Cultured cells were homogenized using lysis buffer containing RIPA buffer (Cell Signaling Technology, Danvers, MA, USA) and phenylmethanesulfonyl fluoride (Cell Signaling Technology, Danvers, MA, USA) to assess protein levels. The samples were then centrifuged at 14,000× g to collect the cell pellets. Protein concentrations were quantified using a Bio-Rad Protein Assay (Bio-Rad Laboratories, Hercules, CA, USA). Equal amounts of lysates (20 μg/lane) were separated via electrophoresis on an Any kD™ Mini-PROTEAN^® TGX™ Precast Protein Gel and were electro-transferred onto nitrocellulose membranes using a Trans-Blot Turbo device (Bio-Rad Laboratories, Hercules, CA, USA). The membranes were blocked with 10% skim milk powder dissolved in Tris-buffered saline for 1 h to minimize nonspecific binding. The blots were then incubated overnight at 4 °C with the primary antibodies, including rabbit polyclonal NDRG1 antibody (1:1000; cat. no. #5196: Cell Signaling Technology, Danvers, MA, USA), rabbit monoclonal StAR antibody (1:1000; cat. no. #8449: Cell Signaling Technology, Danvers, MA, USA), rabbit monoclonal CYP11A1 (p450scc) antibody (1:1000; cat. no. #14217: Cell Signaling Technology, Danvers, MA, USA), or mouse monoclonal β-actin antibody (1:5000; cat. no. A5316: Sigma-Aldrich, St. Louis, MO, USA). Subsequently, the blots were probed with anti-rabbit immunoglobulin IgG (1:5000; GE Healthcare Life Sciences, Chicago, IL, USA) or anti-mouse IgG (1:10,000; GE Healthcare Life Sciences, Chicago, IL, USA) peroxidase-conjugated secondary antibodies.

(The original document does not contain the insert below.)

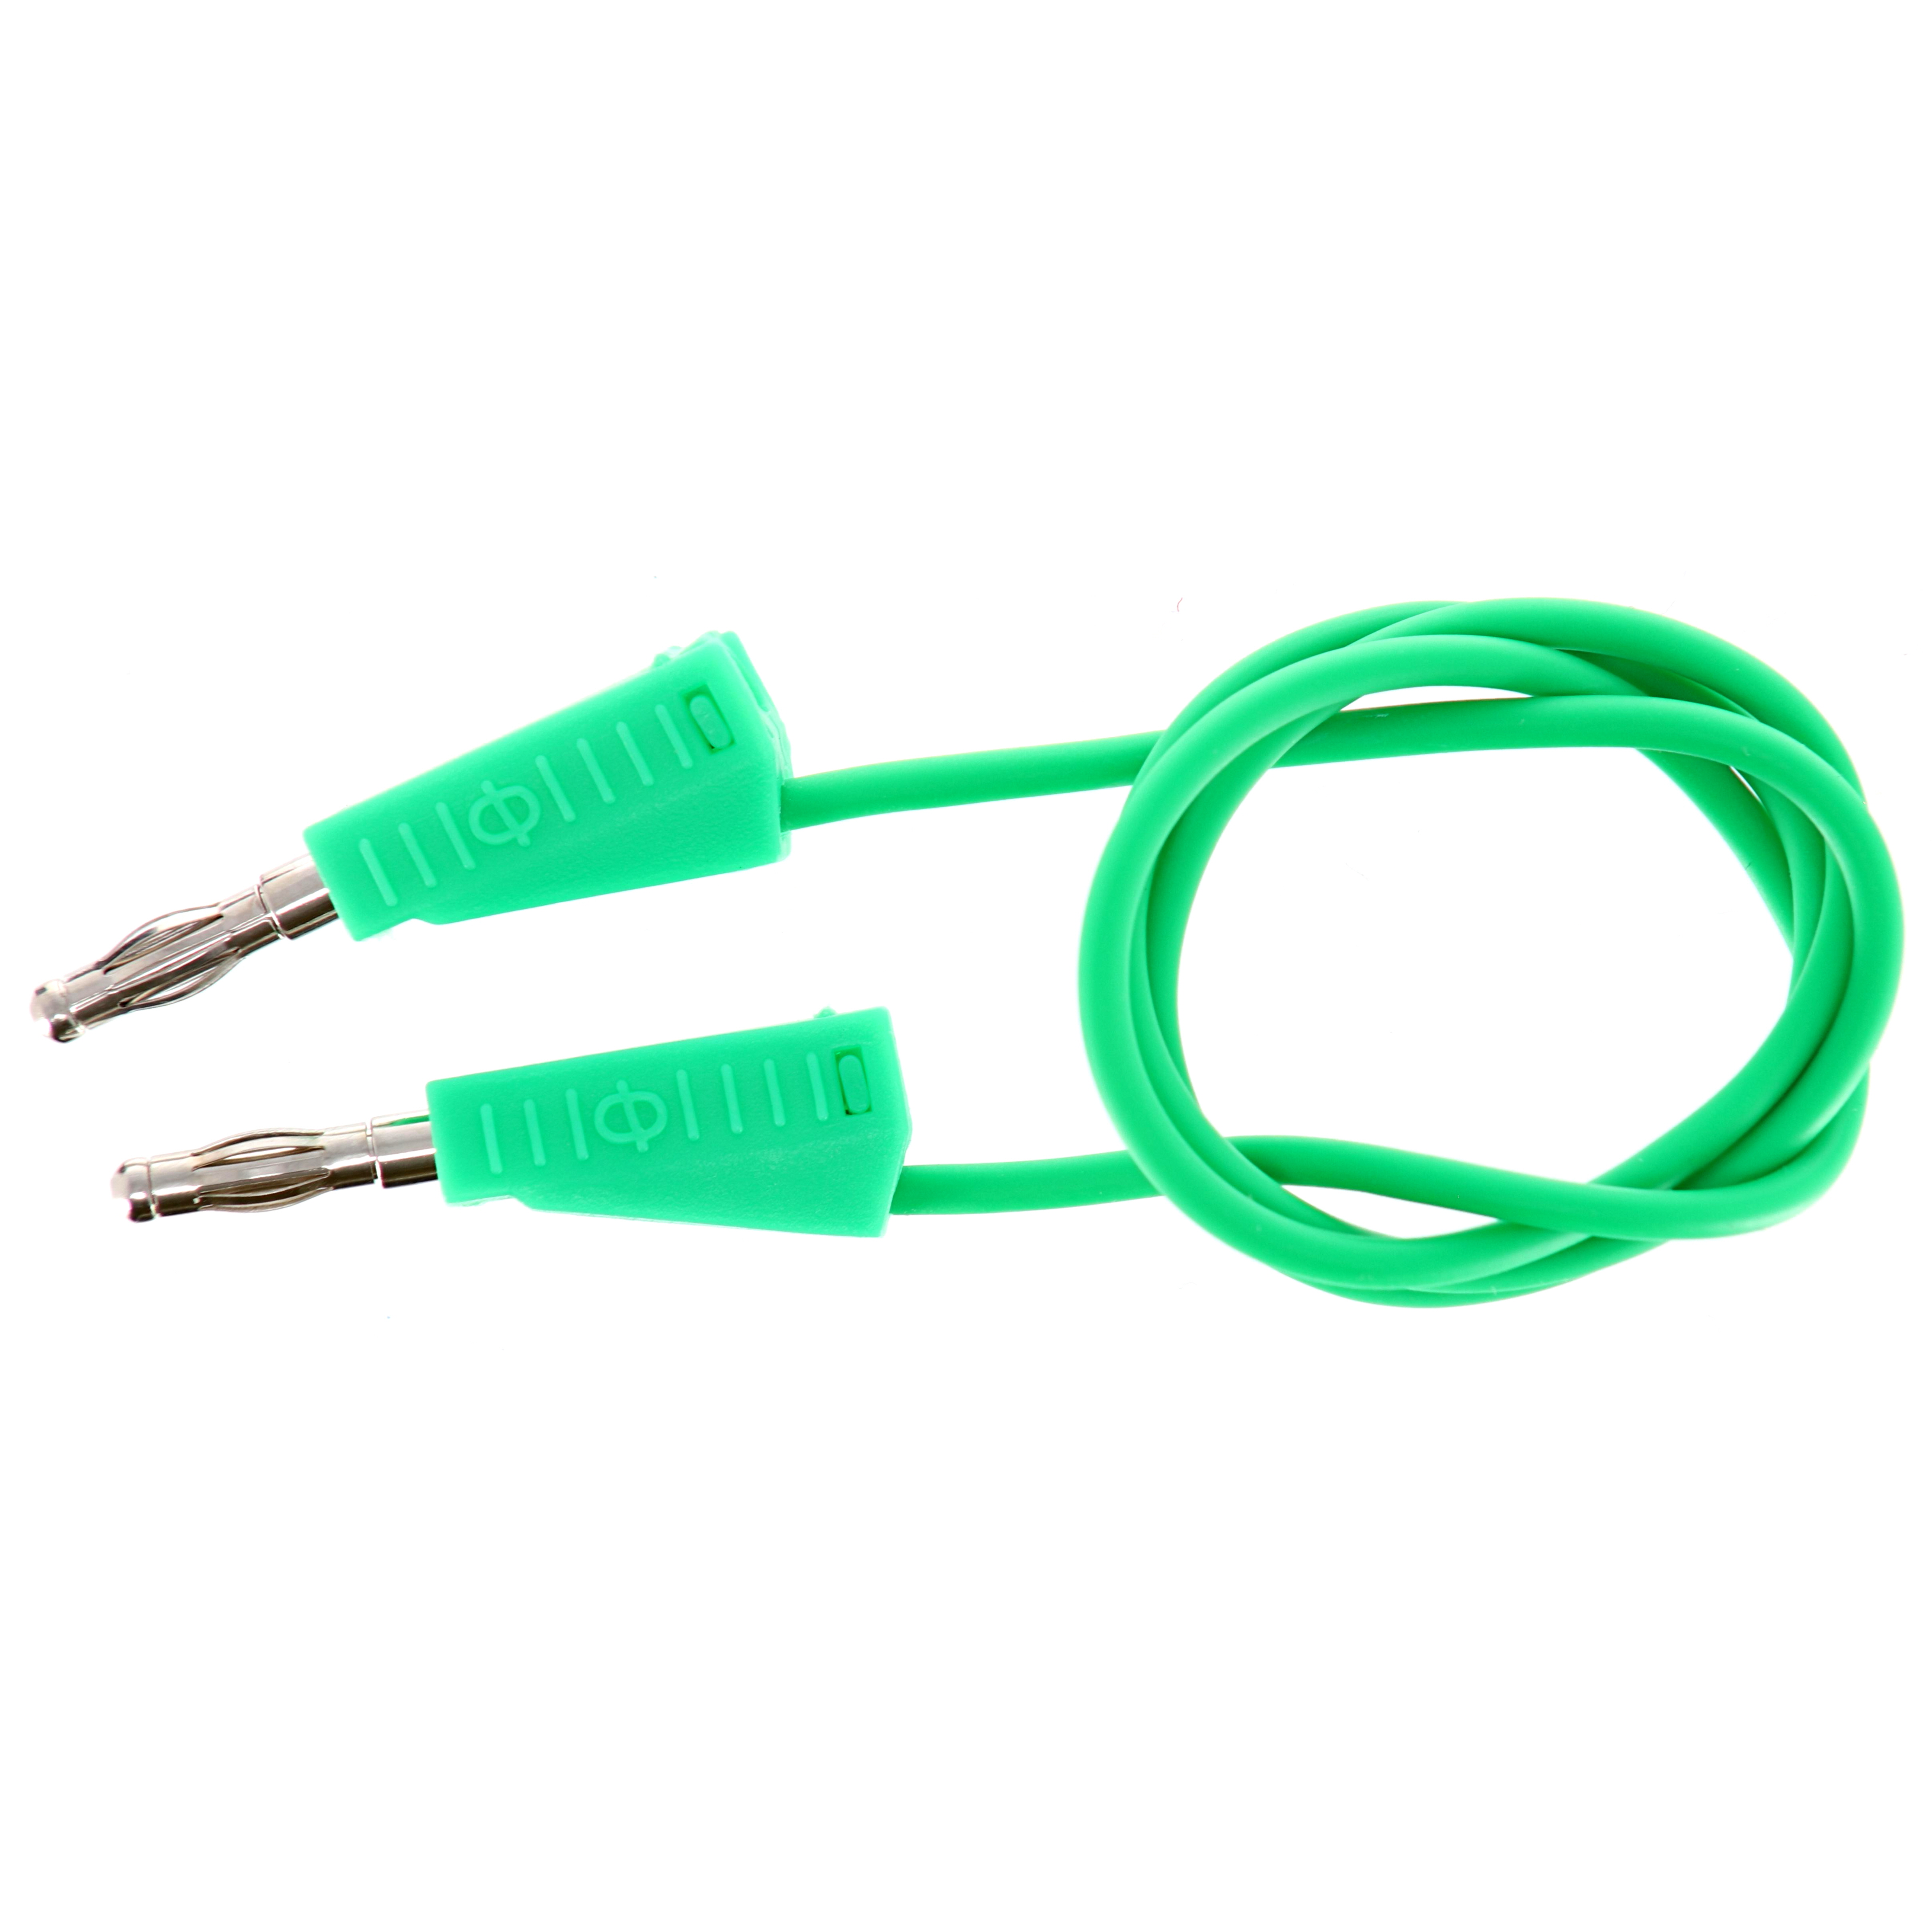 4mm Stackable Plug Lead 500mm - Green

Enhanced chemiluminescence plus Western blotting detection agents (GE Healthcare Life Sciences, Chicago, Il, USA) were used to visualize immune complexes.

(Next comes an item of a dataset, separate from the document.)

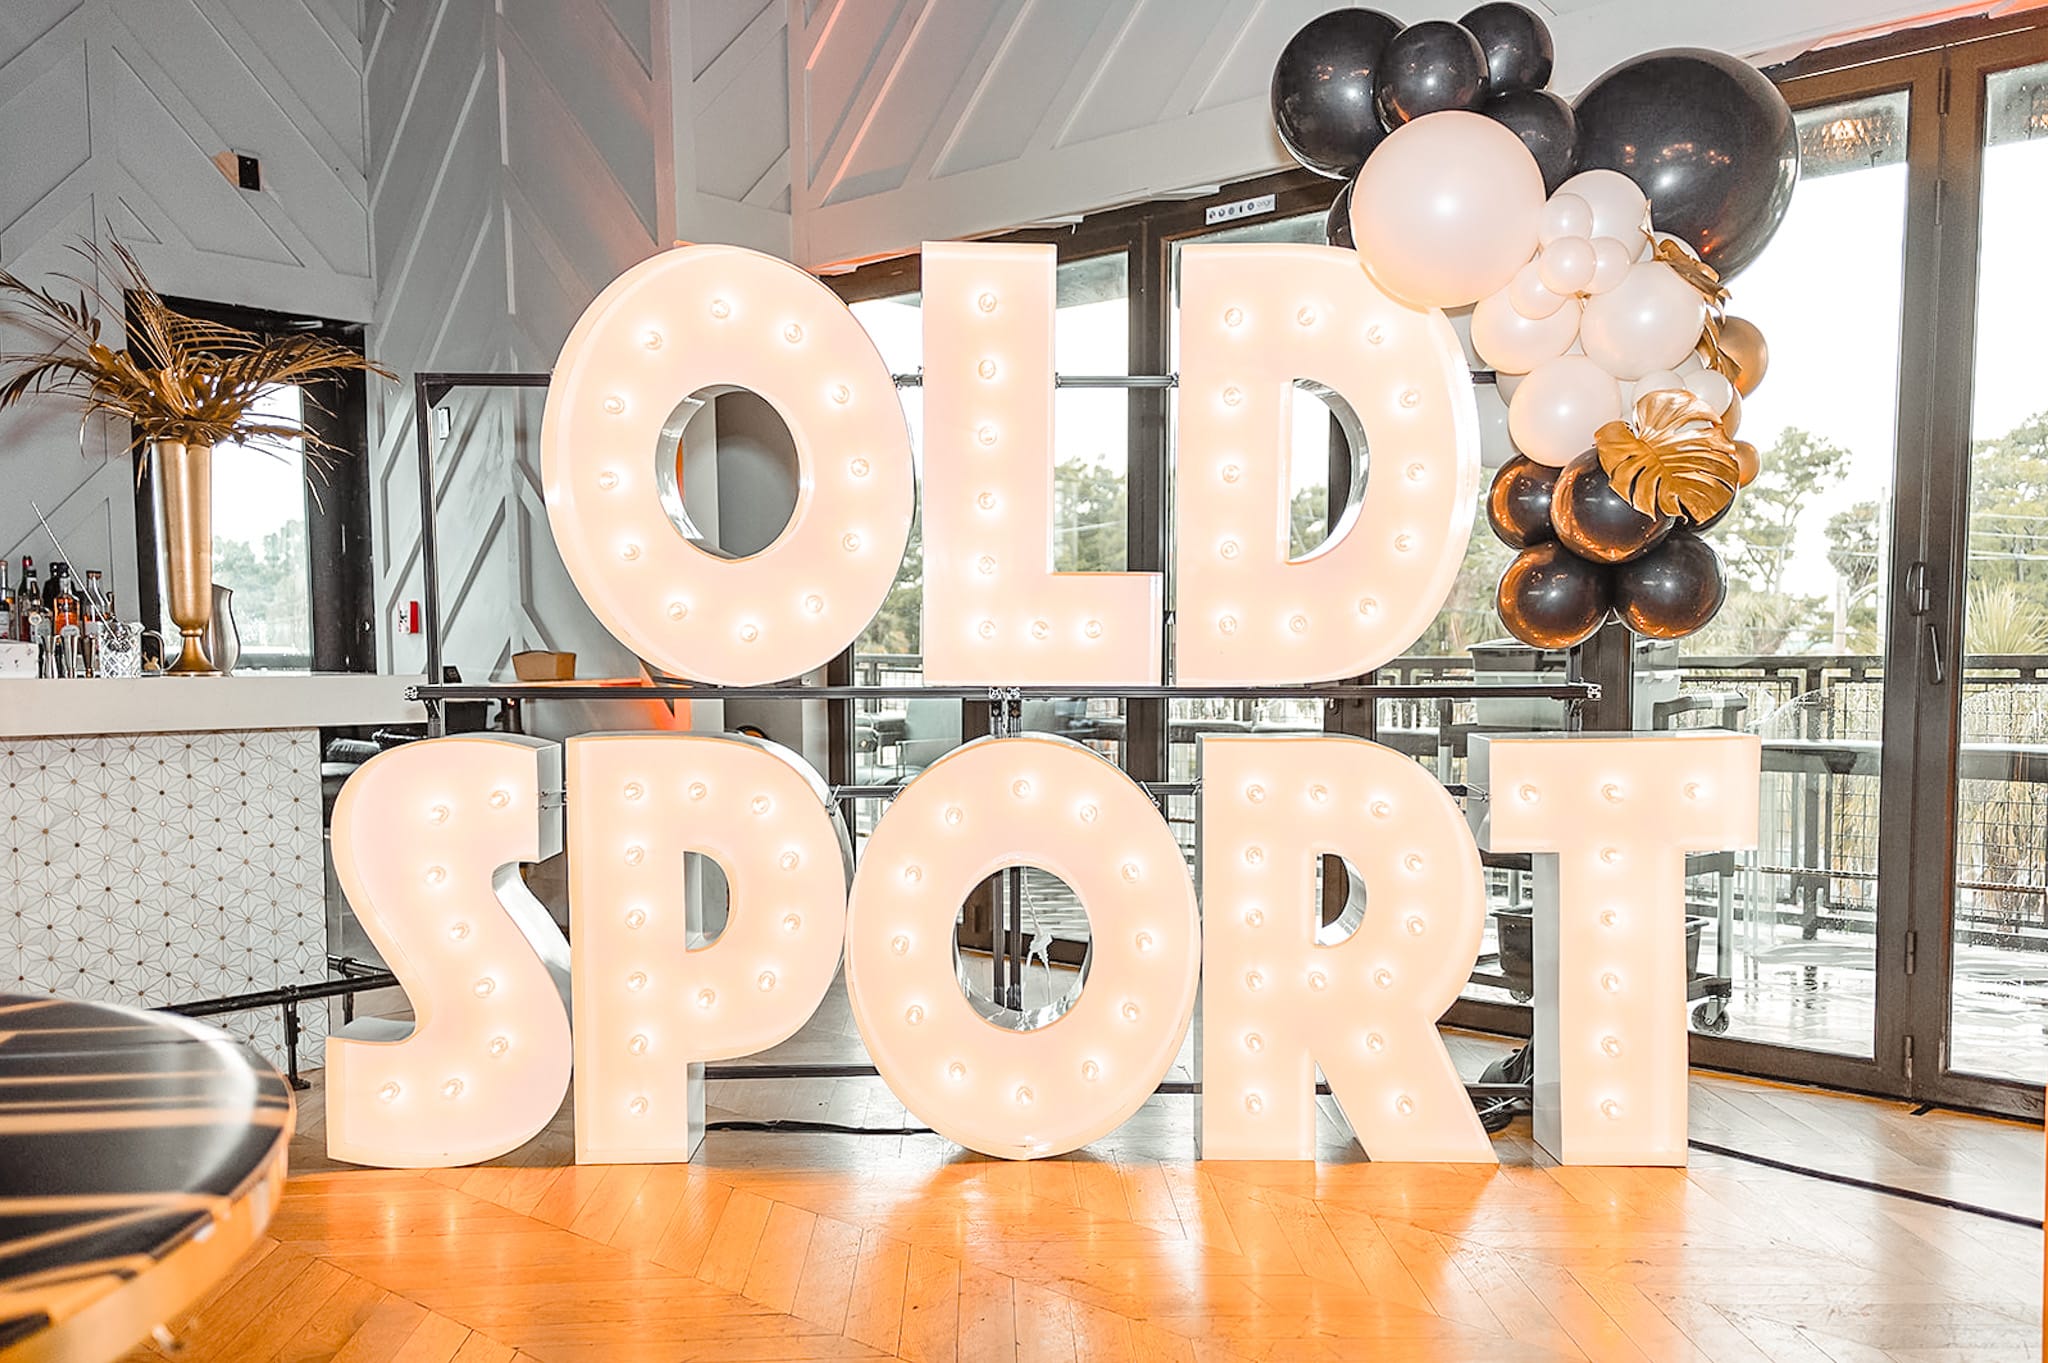 A Gatsby themed party display with the marquee letters spelling out "OLD SPORT"

2.7. Measurement of Hormone Secretion

The concentration of P₄ in cell culture medium was measured using commercially available ELISA Kits specific for progesterone (Cayman Chemical Co., Ann Arbor, MI, USA) according to the manufacturer’s instructions. Data are presented as the quantity of steroids secreted (pg/mL).

2.8. Statistical Analysis

Data are presented as mean ± standard error of the mean (SEM). Multiple comparisons were analyzed using one-way analysis of variance (ANOVA), followed by Dunnett’s or Tukey’s test for multiple comparisons. GraphPad Prism 8 was used to conduct statistical analyses (GraphPad Software, Inc., La Jolla, CA, USA). Statistical significance was set at p < 0.05.

3. Results

3.1. Localization of HIF-1α Protein Expression in the Human Follicles

We performed immunohistochemical analyses to determine the localization of HIF-1α protein expression within the human ovary (Figure 1). Table 2 shows the positive rates of HIF-1α protein at various ovarian follicular development stages. Immunohistochemical analysis of human ovarian tissue sections revealed positive HIF-1α staining in the GCs of ovarian follicles at various developmental stages. HIF-1α protein was detected in the cytoplasm of more than 70% of GCs in primary (Figure 1A) and secondary follicles (Figure 1B), whereas it was barely detectable in the nucleus of GCs. Conversely, in tertiary follicles, HIF-1α was predominantly localized in the nucleus of GCs, with no significant cytoplasmic staining observed, and its expression was reduced in the corpus luteum (Figure 1C,D).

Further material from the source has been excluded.